Mereka yang berada di belahan dunia lain dapat belajar banyak dari hal ini, khususnya terkait implementasi alat visibilitas pengeluaran yang memastikan kepatuhan terhadap peraturan perjalanan perusahaan sekaligus memberikan fleksibilitas optimal bagi para pelancong individu.
Mengaburkan batas antara bisnis dan rekreasi
Meskipun perjalanan gabungan, yaitu perjalanan di mana istirahat dan relaksasi mengikuti bisnis atau sebaliknya, hampir selalu menjadi hal yang wajar, hal ini menjadi lebih umum dalam beberapa tahun terakhir.
Berkat para pekerja digital nomaden dan pelancong muda yang bekerja, kebijakan perjalanan di Asia menjadi lebih fleksibel dan lincah, memungkinkan karyawan untuk memperpanjang perjalanan bisnis guna memastikan rekreasi pribadi atau menambah waktu berkualitas bersama keluarga.
Dengan demikian, para pelancong bisnis Asia kembali bekerja dengan kepuasan yang lebih besar daripada sekadar mengetahui bahwa misi telah tercapai; pada saat yang sama, perusahaan dapat memaksimalkan pengembalian atas pengeluaran mereka untuk perjalanan.

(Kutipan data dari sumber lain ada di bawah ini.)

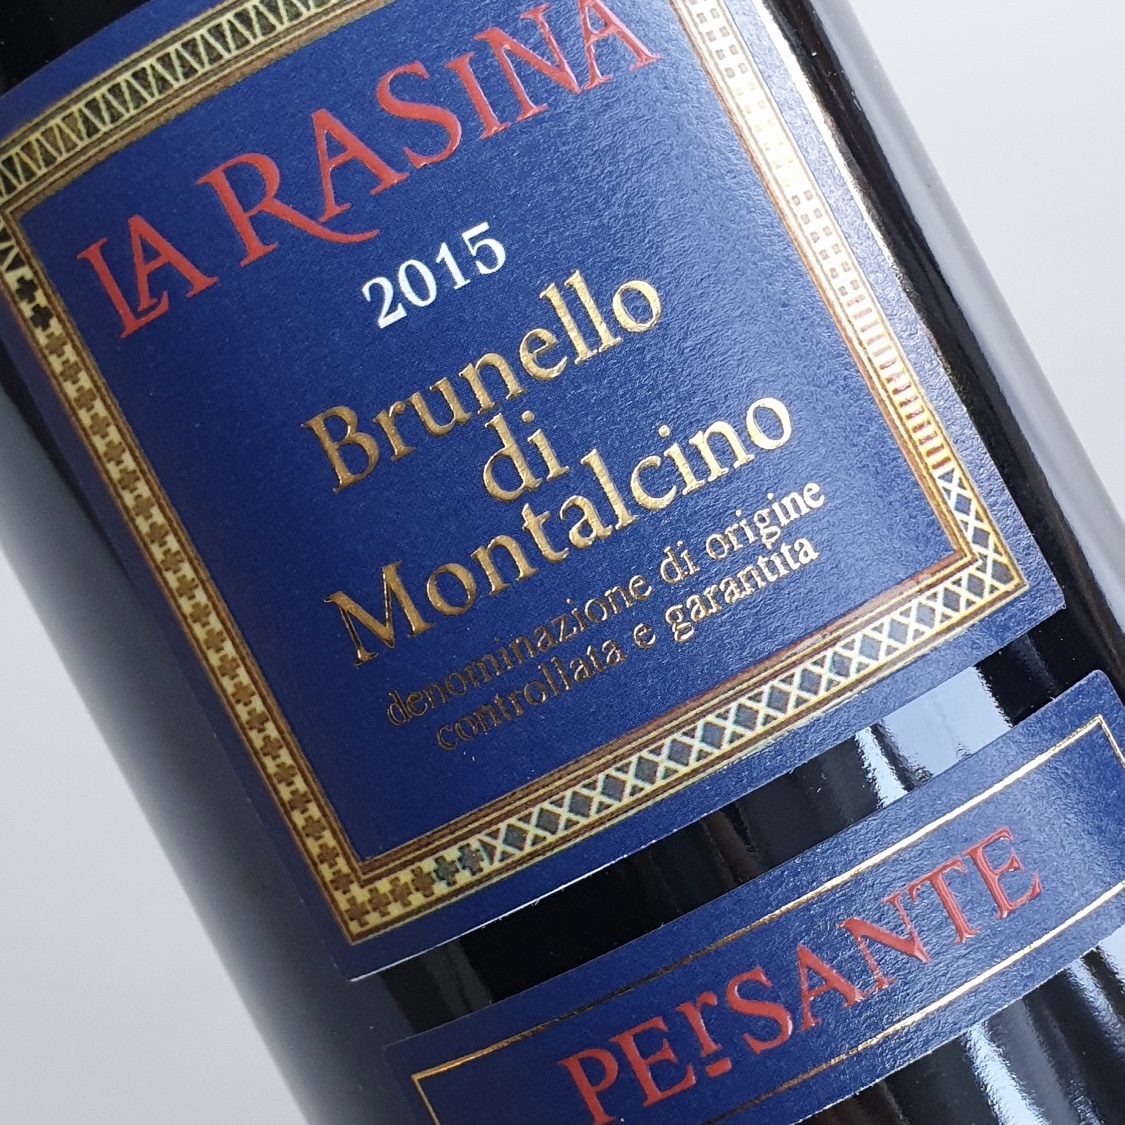 2015 La Rasina Brunello di Montalcino 'Persante' 2. @jay_arbour

Seperti yang telah kami nyatakan dalam artikel sebelumnya, ini merupakan keuntungan besar bagi para pelancong bisnis yang menjalani beberapa pertemuan dalam satu perjalanan karena memungkinkan mereka untuk menyegarkan diri sebelum kembali melapor dan melanjutkan bisnis seperti biasa.